Similarly to what happens in scikit-learn TfidfVectorizer(min_df=20, max_df=0.5, ngram_range=(1,3))
I want to calculate de term-frequencies of my text data and consider uni-grams, bi-grams and tri-grams.
Since I'm new with pyspark, I'm not entirely sure this solution does it, but here is what I have now, which produces a vector with the combined TF-IDF's of each n-gram.
def build_trigrams(inputCol="filtered", n=3):
ngrams = [
NGram(n=i, inputCol="filtered", outputCol="{0}_grams".format(i))
for i in range(1, n + 1)
]
cv = [
CountVectorizer(minDF=20, maxDF=0.5 ,inputCol="{0}_grams".format(i),
outputCol="{0}_tf".format(i))
for i in range(1, n + 1)
]
idf = [IDF(inputCol="{0}_tf".format(i), outputCol="{0}_tfidf".format(i), minDocFreq=5) for i in range(1, n + 1)]

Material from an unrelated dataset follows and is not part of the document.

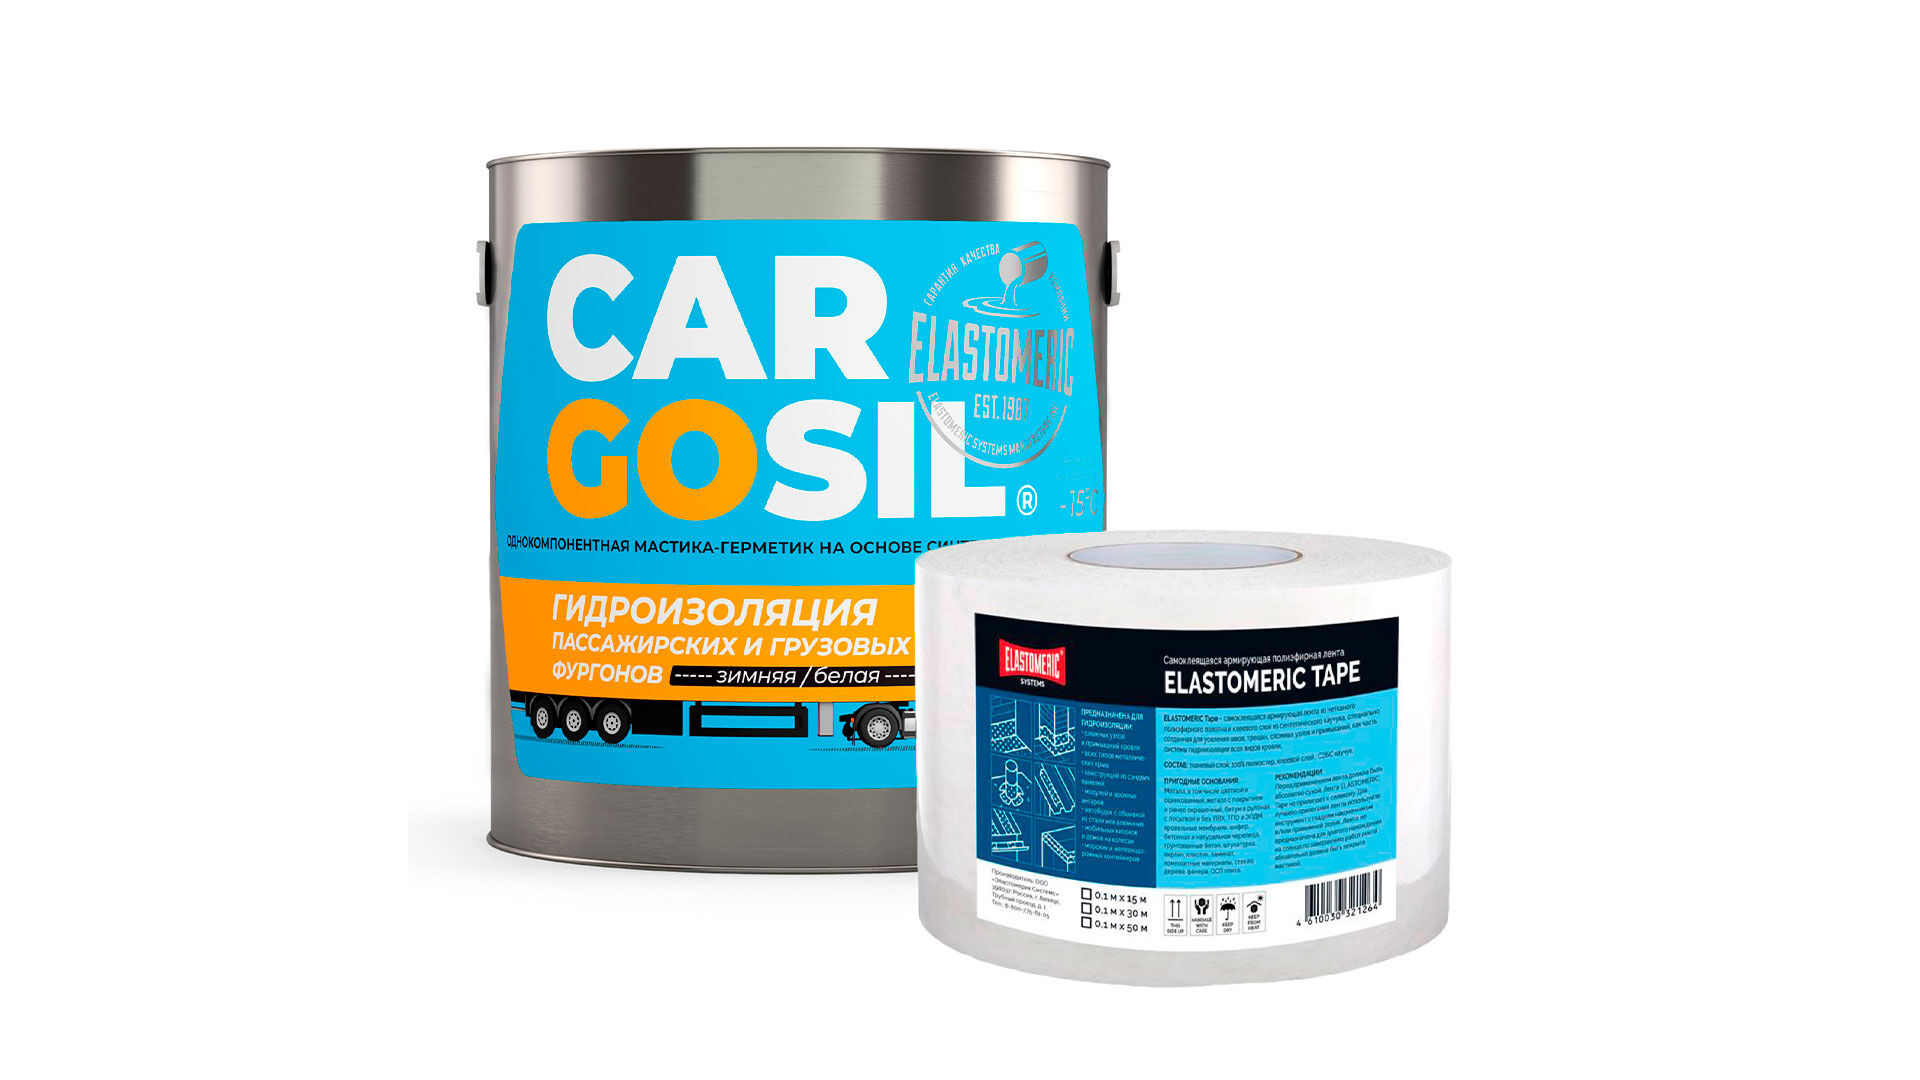 Ремкомплект Cargosil зимний - жидкая резина для устранения протечек на крышах фургонов и будок (Серый)
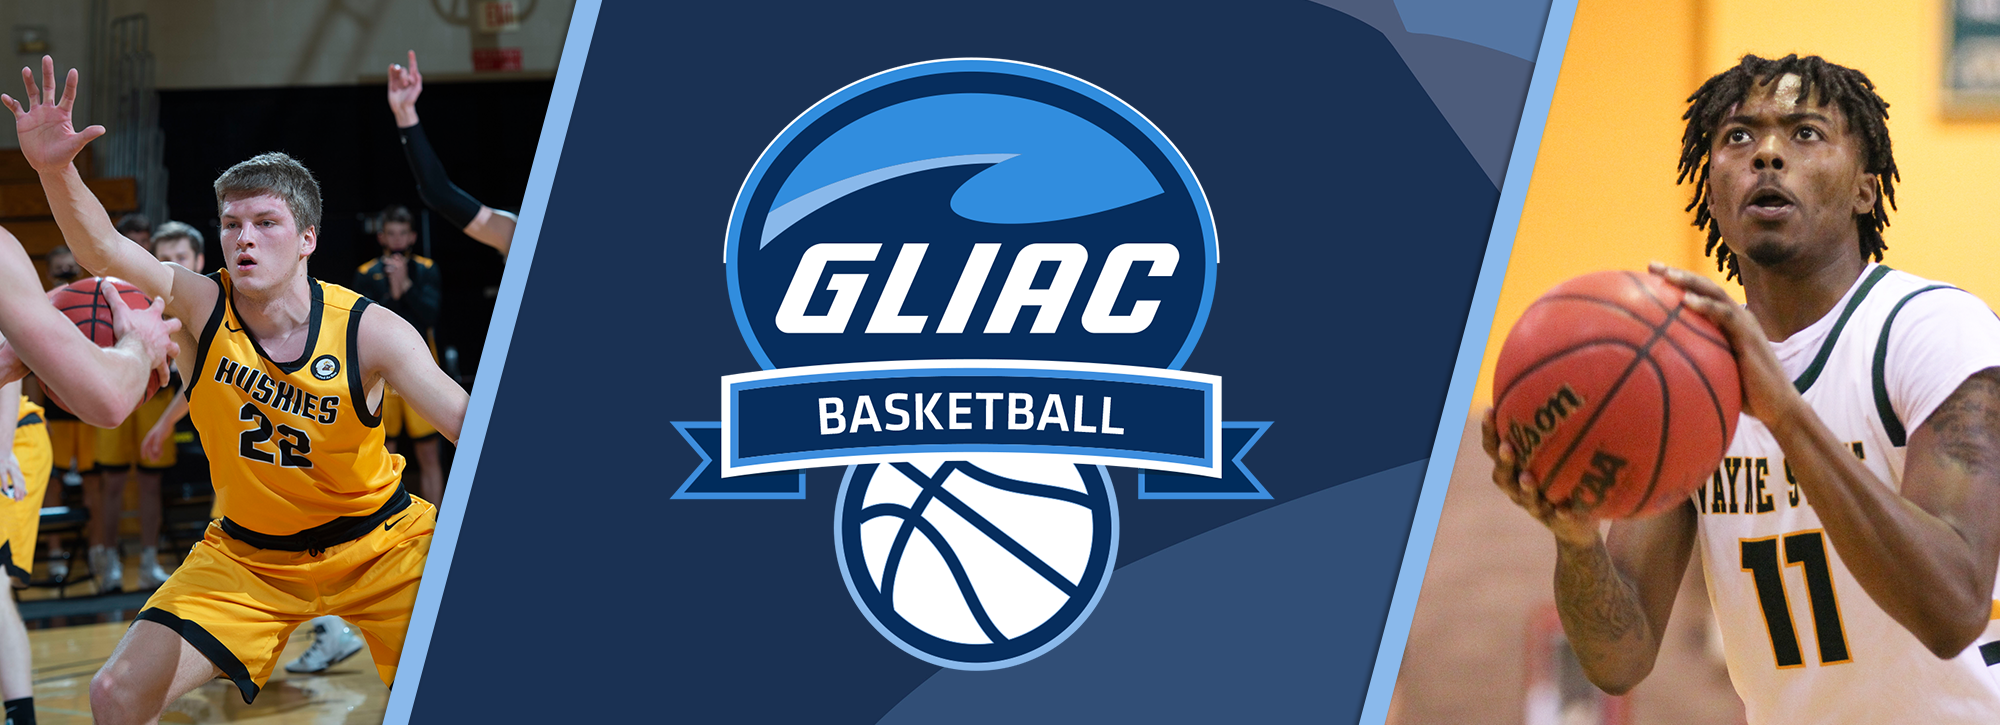 MTU's White, WSU's Neeley Earn GLIAC Men's Basketball Players of the Week

assembler = [VectorAssembler(
inputCols=["{0}_tfidf".format(i) for i in range(1, n + 1)],
outputCol="features"
)]
return Pipeline(stages=ngrams + cv + idf + assembler)
Now, similarly to what happens in this question, I want to see the features in a dataframe in a equal manner as if I did:
features = tfidf.fit_transform(data['desciption'])
data_TF_IDF = pd.DataFrame(features.todense(),columns=tfidf.get_feature_names())
So that I could see the TF-IDF of the n-grams from the text data. The problem is that I don't know how to do it when having to combine multiple CountVectorizers
as displayed in the function above.